Woran sie erkennen, das jemand neu ist? "Diese Kunden haben meist zu wenig Taschen dabei", meint Marcel und grinst. Etwa 200 Bürger haben den Coburg-Pass vom Sozialamt, der sie berechtigt, in der Tafel einkaufen zu gehen. Rechnet man Ehepartner und Kinder dazu, ergibt das rund 500 Bedürftige. "Wir haben Aufstocker. Junge Menschen, die voll berufstätig sind und denen das Geld nicht reicht oder alte Menschen, die ihr Leben lang gearbeitet haben und nicht von ihrer Rente leben können", berichtet Ortrud. "So etwas dürfte nicht sein."

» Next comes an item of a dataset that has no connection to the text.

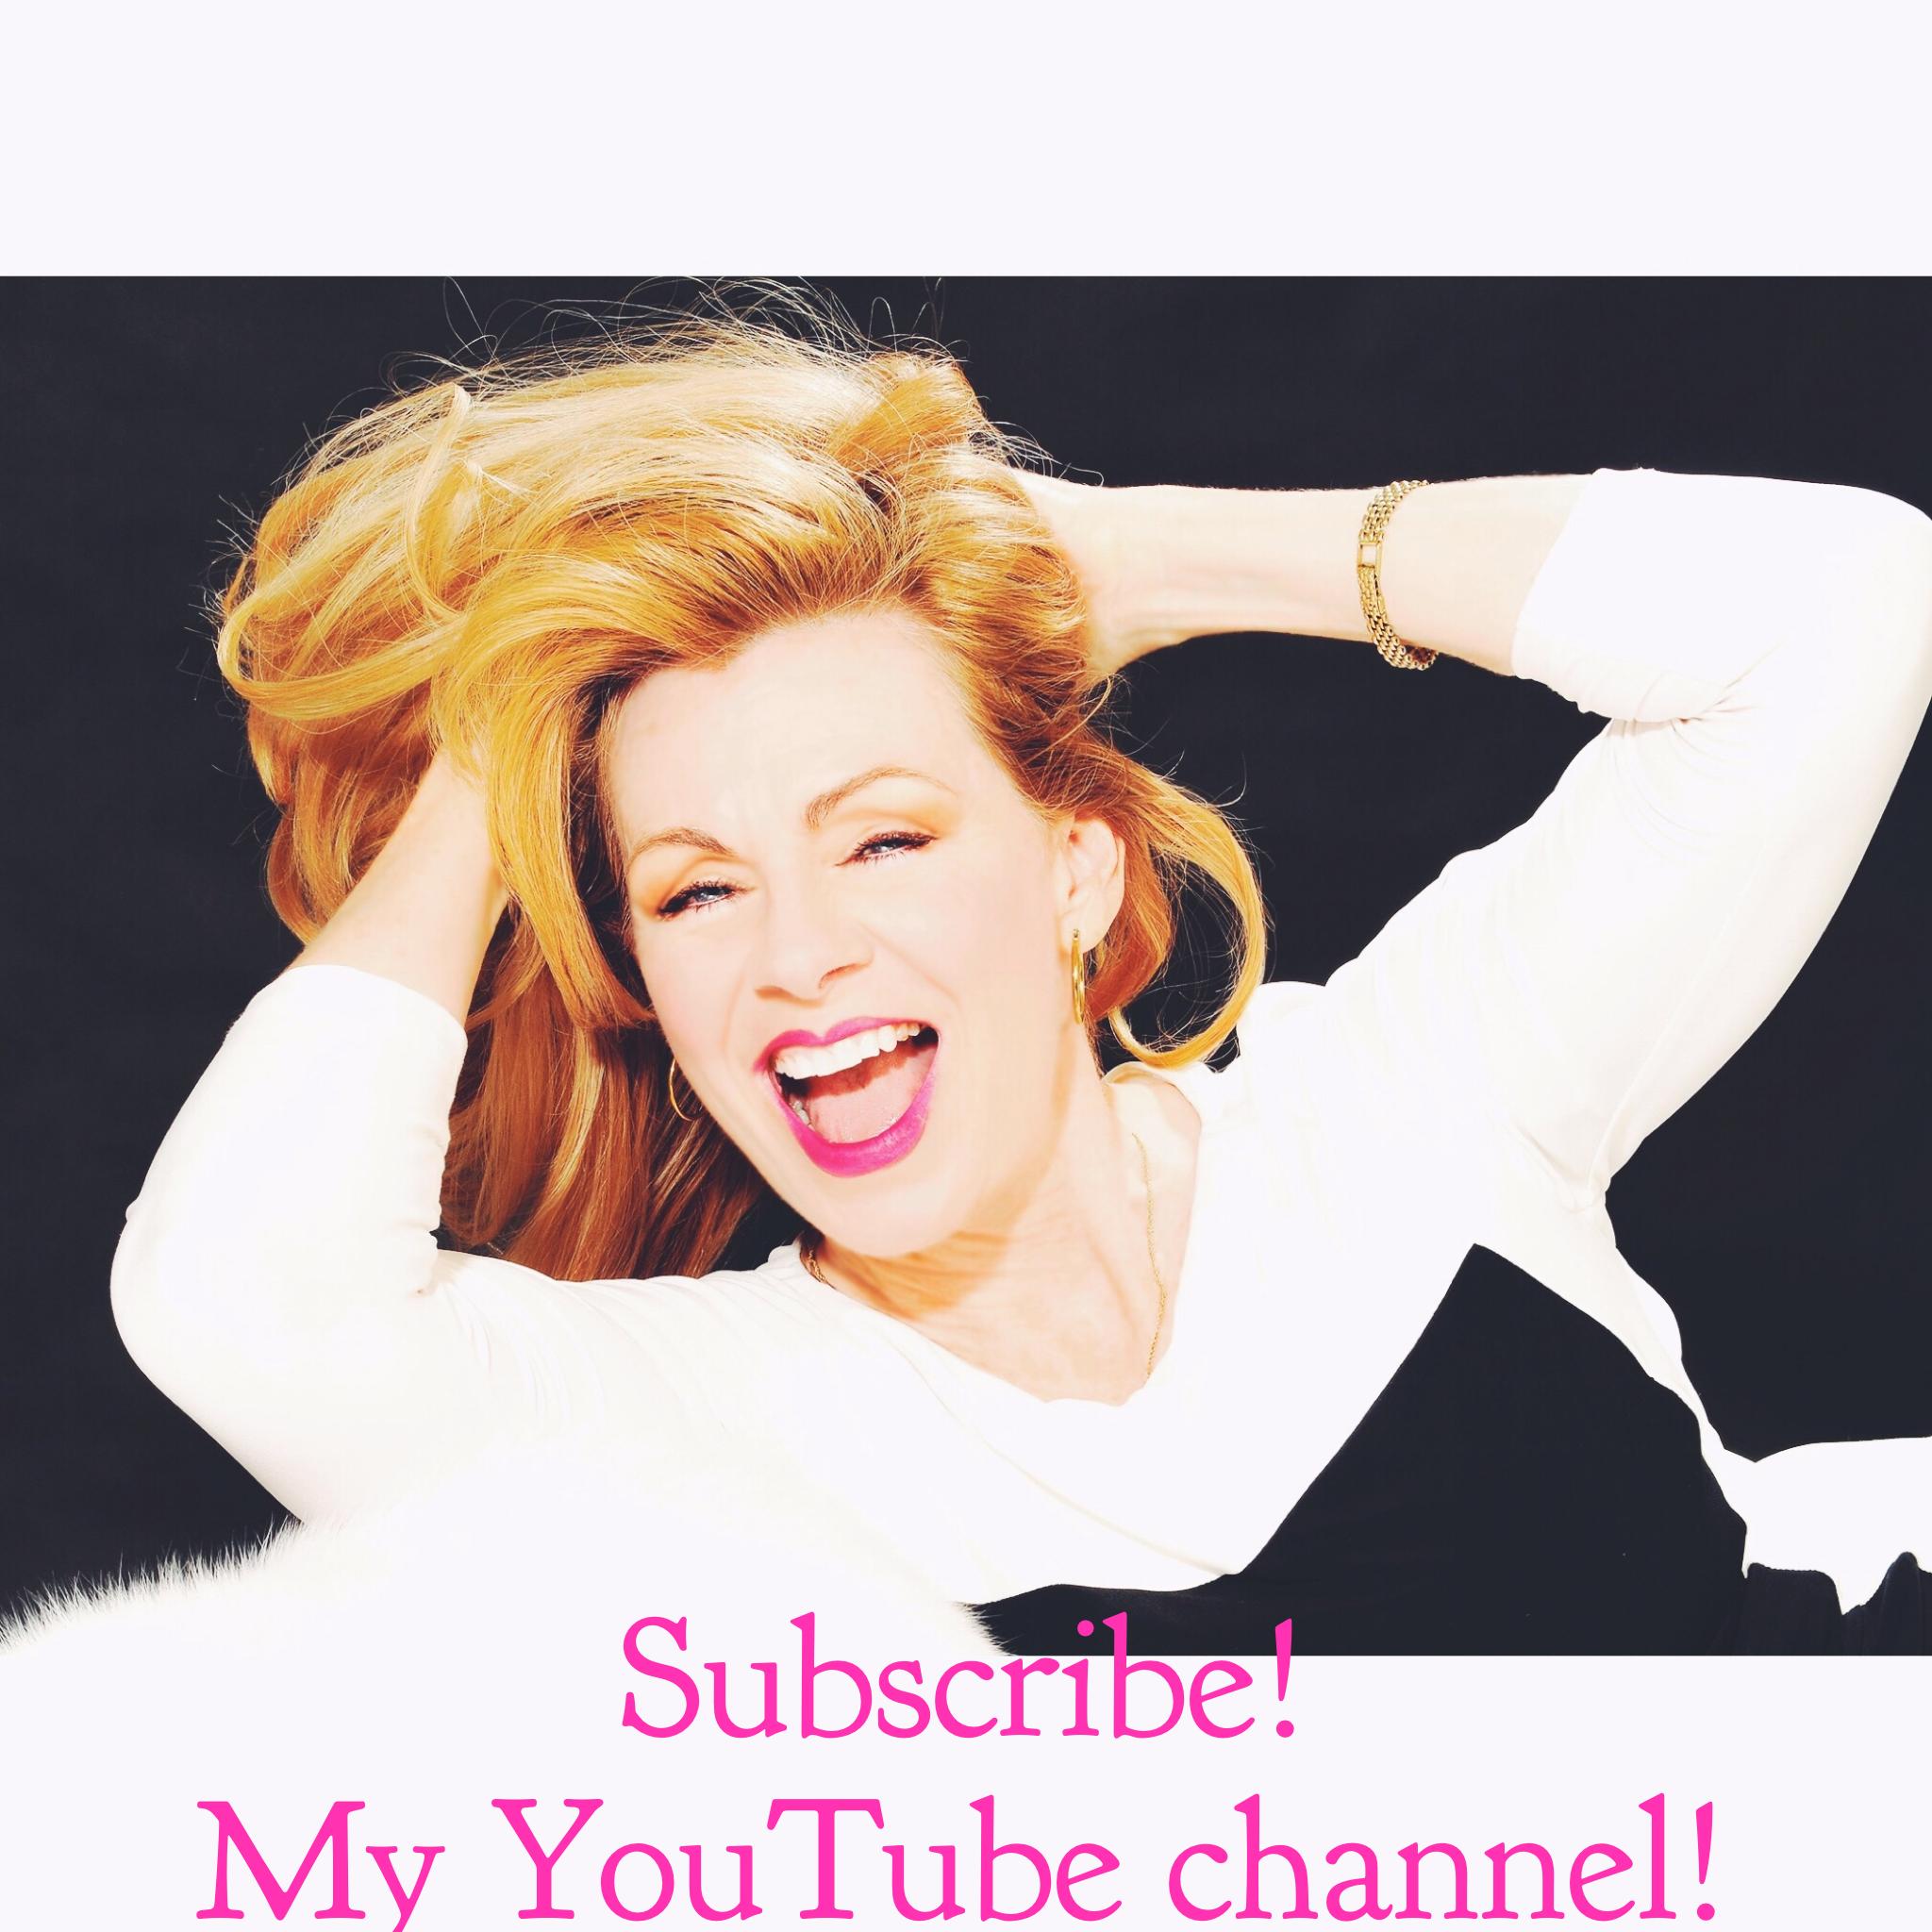 SubscribeYouTube

Auf der anderen Seite fährt regelmäßig ein junger Mann im noblen Mercedes vor, der seinen Bedarfsausweis vorzeigt und in der Tafel einkauft. Ortrud urteilt nicht. Das, sagt sie, wäre müßig. Lieber freut sie sich darüber, wenn ihr eine Kundin aus Dankbarkeit eine Tafel Schokolade mitbringt. Ablehnen könne sie so ein Geschenk nicht. "Diejenigen, die am Wenigsten haben, geben am meisten. Das war schon immer so."